Barry Friedberg, the attorney representing the Peebles Corporation, filed a motion to dismiss the case last month with documents that say Mr. Hoeg was paid as a consultant on the project. He told Commercial Observer that it was preposterous that the company would give that big of a stake to an adviser. “Mr. Hoeg was a low-level consultant,” he wrote in an email to CO. “His company was hired primarily to assist with the preparation of documents provided to the NYC EDC. It is implausible, to say the least, that a major real estate development company like The Peebles Corporation would agree to give a consultant 25 [percent] of a multi-million deal on a handshake.”

Things took a turn when Mr. Peebles in February 2013 decided to buy 346 Broadway for about $160 million without consulting Mr. Hoeg, the suit charges. Two months later he broke the joint venture between the two, according to the lawsuit, and opted to partner with Elad Properties—giving the Israeli investor a majority stake in the property—which was in the works to become a combination of condominiums and a boutique hotel. Mr. Peebles retained a 35 percent stake in the building, which the lawsuit estimates will net his company a $130 million to $170 million profit.
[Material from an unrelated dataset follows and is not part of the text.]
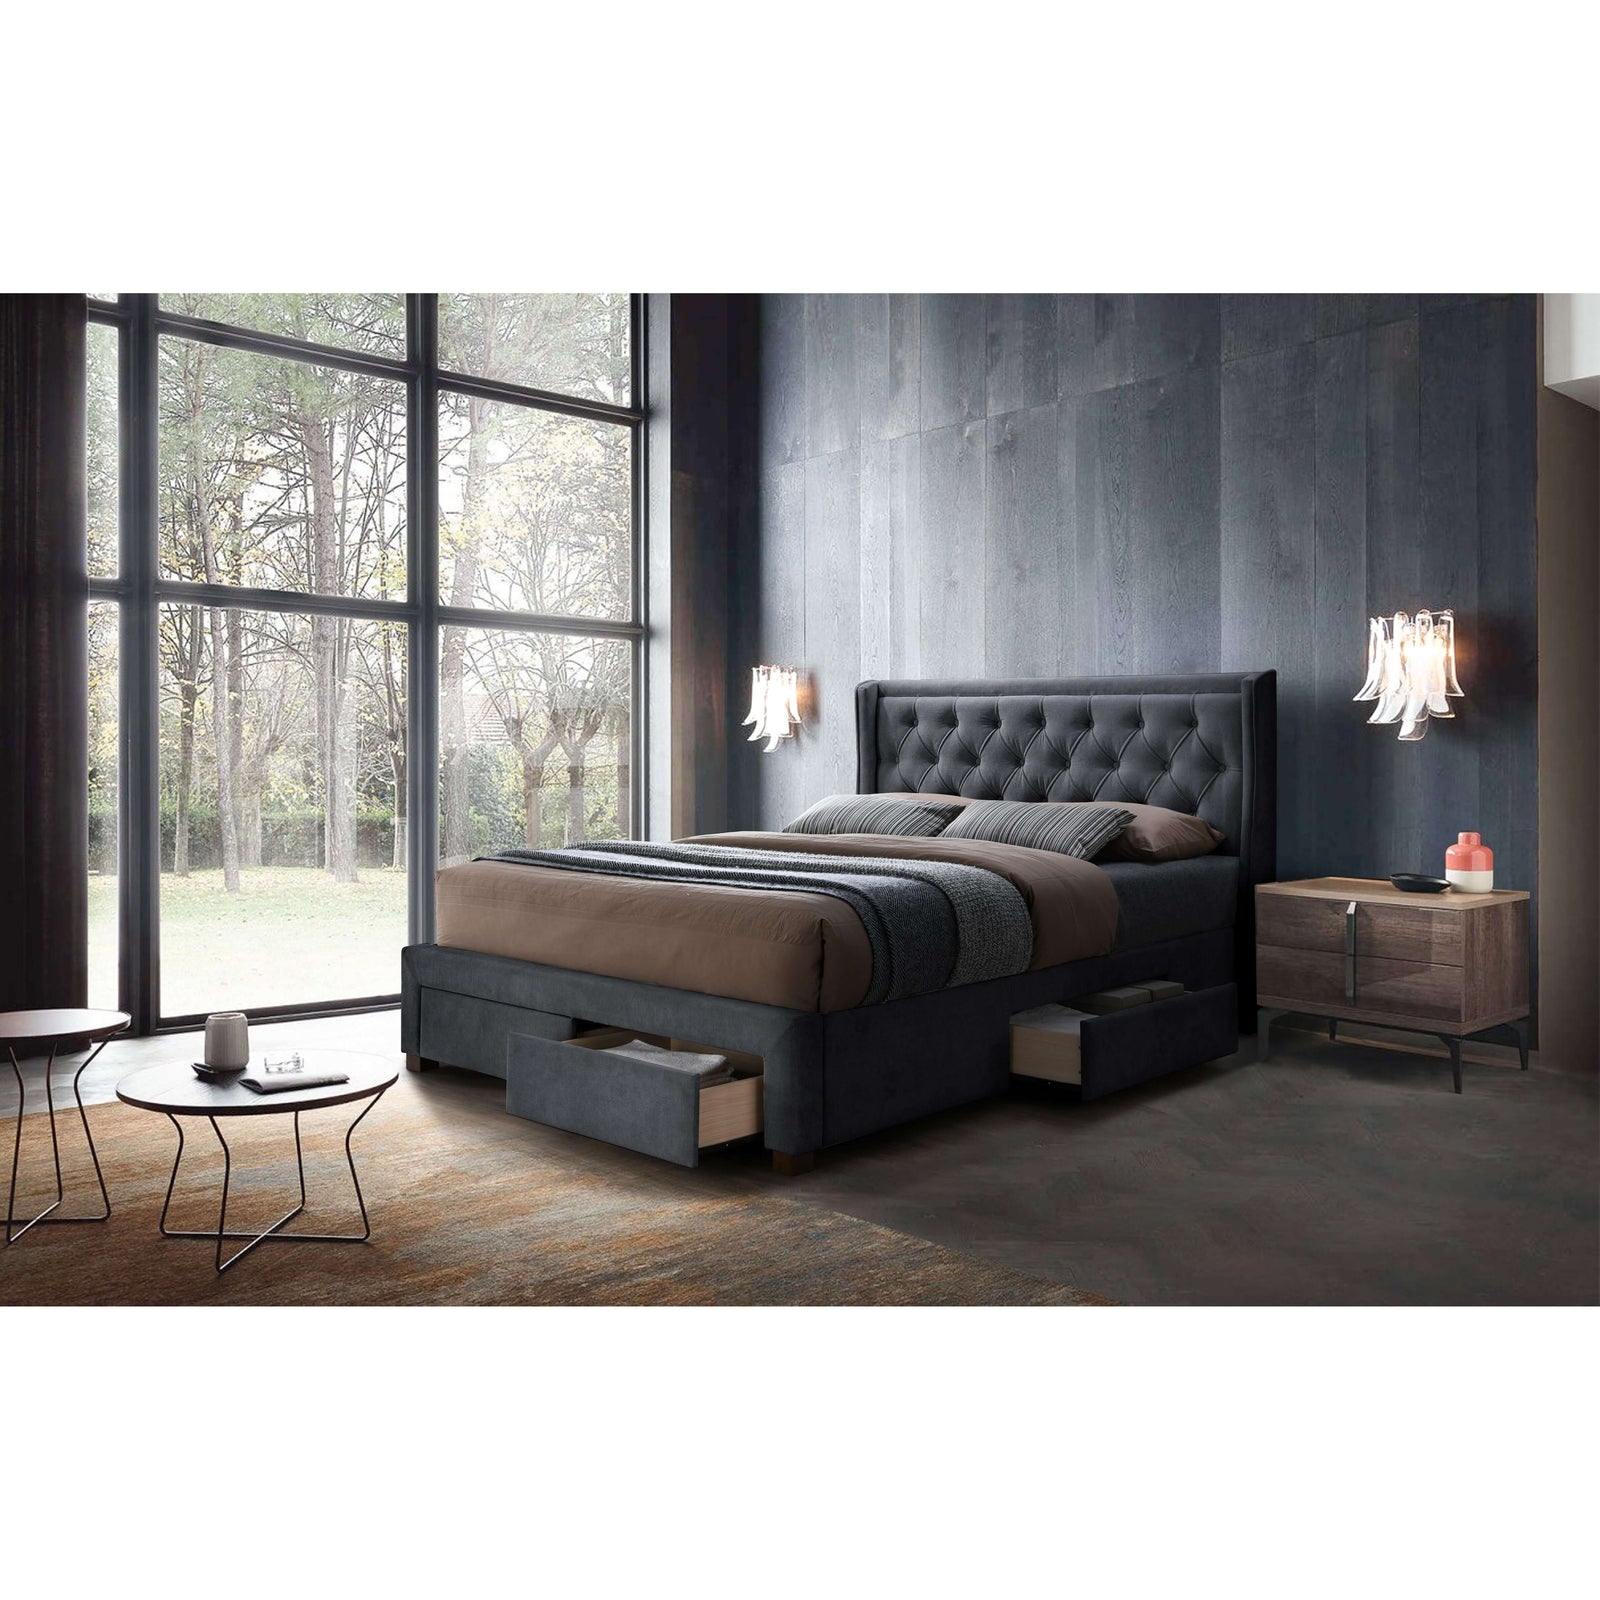 Softouch King Size Bed Frame Timber Mattress Base With Storage Drawers - Grey-Upinteriors

Things only got worse for Mr. Hoeg, he claims in the lawsuit, when he found out a deal to buy 49-51 Chambers Street fell through, leaving him “dismayed.”

The original lawsuit includes a letter as an exhibit from the Peebles Corporation to then-EDC President Seth Pinksy that says the two were partners in the joint venture.

In the motion to dismiss, Mr. Friedberg argued that a joint venture between the two was never formed in writing. “His company was a consultant paid a monthly amount to assist as directed,” Mr. Friedberg told CO. “At best, the assertions are allegations only, and those allegations are contradicted by the documents attached to the motion to dismiss.”

It’s not the first time that players in this deal have cried scandal at Mr. Peebles. His former head of development, Daniel Newhouse, sued the company in January, claiming Mr. Peebles promised him a 5 percent stake in the building, as The Real Deal previously reported. When Mr. Peebles sold the controlling stake to Elad, however, Mr. Newhouse claimed he never received his promised take. That case was tossed out in June, but the former executive tried to appeal the judge’s decision, TRD reported. The appeal was withdrawn and the case was settled, according to Mr. Friedberg.

Kyle C. Bisceglie, Mr. Hoeg’s attorney, did not immediately return a call for comment.

Update: This story was updated to accurately reflect the amount of damages sought, as well as a comment for the Peebles Corporation’s attorney.